Under the Sea Wind
- First edition
- Author: Rachel L. Carson
- Illustrator: Howard Frech (first) Robert W. Hines (1991)
- Language: English
- Series: Sea trilogy
- Subject: Ocean and shore life
- Genre: Nature writing
- Publisher: Simon & Schuster (1941) Oxford University Press (1952) Penguin Nature Classics (1996)
- Publication date: 1941
- Publication place: United States
- Media type: Print
- Followed by: The Sea Around Us

= Under the Sea Wind =

1941
book by Rachel Carson

Under the Sea Wind: A Naturalist's Picture of Ocean Life (1941) is the first book written by the American marine biologist Rachel Carson. It was published by Simon & Schuster in 1941 and received very good reviews, but sold poorly. After the great success of a sequel The Sea Around Us (Oxford, 1951), it was reissued by Oxford University Press; that edition was an alternate Book-of-the-Month Club selection and became another bestseller, and has never gone out of print. It is recognized as one of the "definitive works of American nature writing," and is in print as one of the Penguin Nature Classics.

Under the sea-wind was reportedly Rachel Carson's personal favourite book, although first edition copies by Simon & Schuster remain scarce.

==Background==
Under the Sea Wind was based on the article Undersea by Carson, published in The Atlantic Monthly in 1937. This article began as an eleven-page introduction to a government fisheries brochure, and grew into Carson's first book. Prior to publishing Undersea, she wrote marine themed radio scripts which influenced her later work. The article elaborates on ecology and the unwavering will to survive that embodies marine organisms. After the article was published, Dutch-born children's author Hendrik Van Loon became interested in Carson's work. He supported and encouraged her to continue this type of depiction of nature in her writing, as well as advising her about publishing. Carson furthered the perspectives from her article and expanded them in Under the Sea Wind, which was described as her personal favorite. The initial failure of Under the Sea Wind may have been due to the bombing of Pearl Harbor and America entering World War II the same year it was published. The book became popular after the publication of the second book in the Sea Trilogy, The Sea Around Us, and it was this second text that established her as a natural history author.

==Description==
Under the Sea Wind describes the behavior of organisms that live both on and in the sea on the Atlantic coast. Under the Sea Wind consists of three parts, each following a different organism that interacts with the sea, and viewing it from a personified organism's perspective. The first section, Edge of the Sea, follows a female sanderling Carson names Silverbar. The second section, The Gull's Way,  follows a mackerel named Scomber, and the third section, River and Sea follows Anguilla, an eel. The narrative follows these creature's migration habits over the span of a year.

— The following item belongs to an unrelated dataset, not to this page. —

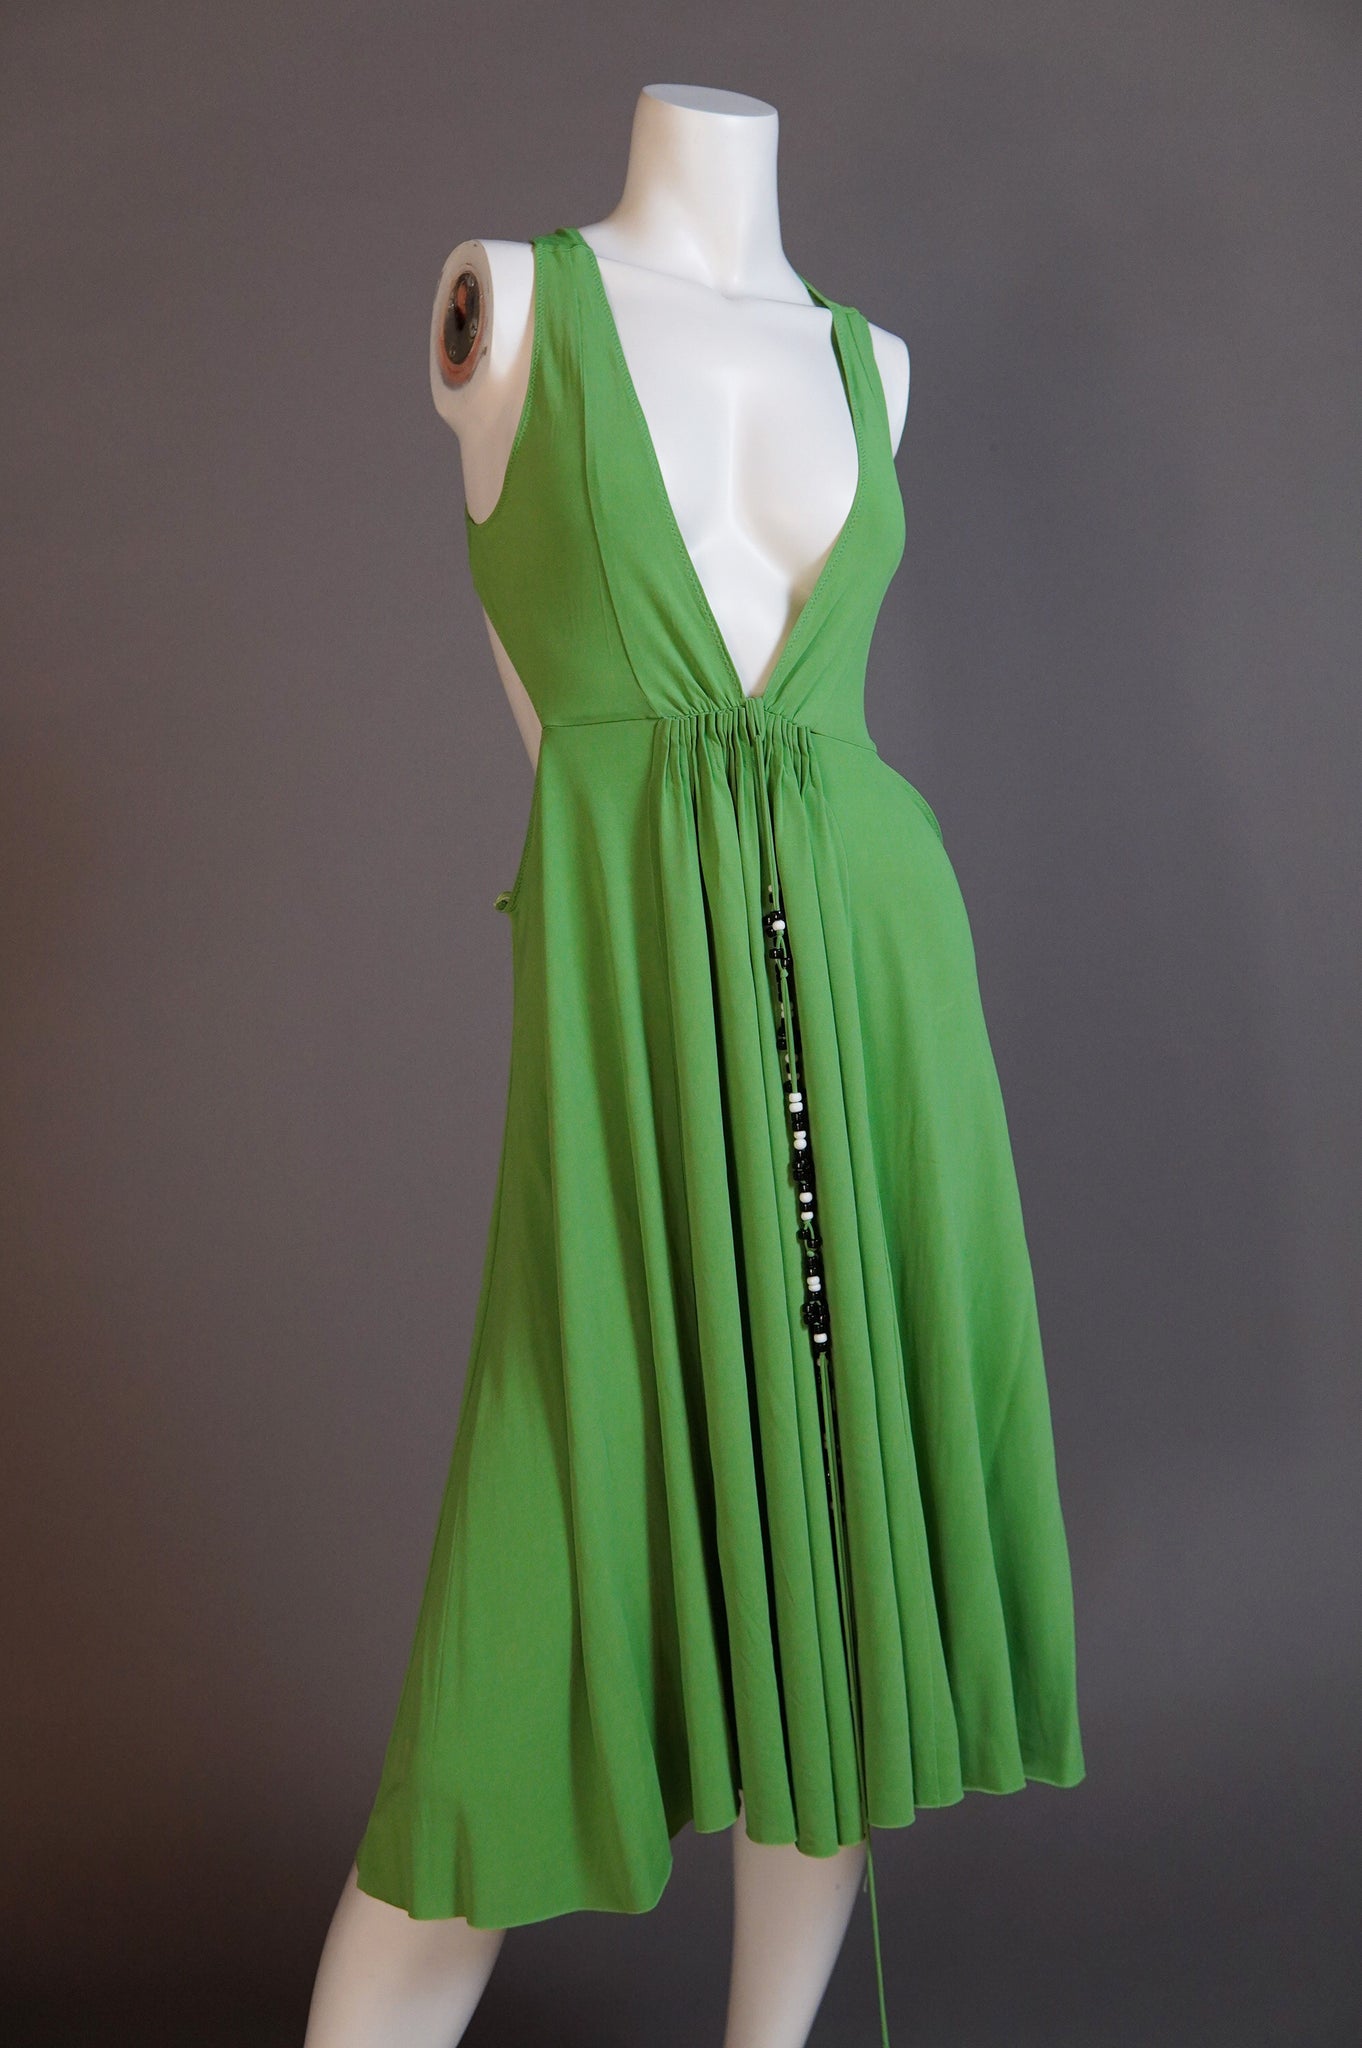 S/S 2004 Chloé by Phoebe Philo slinky green runway dress - O/S

Viewing ocean life from a broader ecological perspective was crucial to Carson, rather than just isolating parts of the sea. The term "sea wind" was Carson's way of referring to the entirety of the shore, sea, and sky. Carson had a poetic way of writing about nature, while still maintaining the scientific accuracy of her observations. Her work draws connections between nature and home, the borders of interrelated communities, and the growing separation between man and nature. Carson took inspiration from natural history authors such as Henry Williamson and Henry Beston, and uses her scientific expertise to ground Under the Sea Wind in scientifically accurate detail on each animal's appearance, diet and behavior.

Carson's stated goal of using poetic prose and personifying sea life was "to make the sea and its life as vivid a reality for those who may read the book as it has become for me during the past decade." This writing style brought scientific observations to a larger audience, and as stated by fellow marine environmentalist author Joel Hedgpeth in a review of the book, allowed for "turning the subject of the sea to a respectable reading matter for the clientele of the New Yorker and Reader's Digest sets, and inspiring a fashion in literature about the sea, its ways, and creatures." The style of Carson's writing makes the book suitable for children as well as adults, and the appeal is enhanced with illustrations, originally by Howard Frech. These were eventually replaced in 1991 with illustrations by Robert W. Hines. Though Under the Sea Wind is a story of struggle and chance survival, the style that Carson presents is in stark contrast to her later work, Silent Spring, which is much more dire and analytical.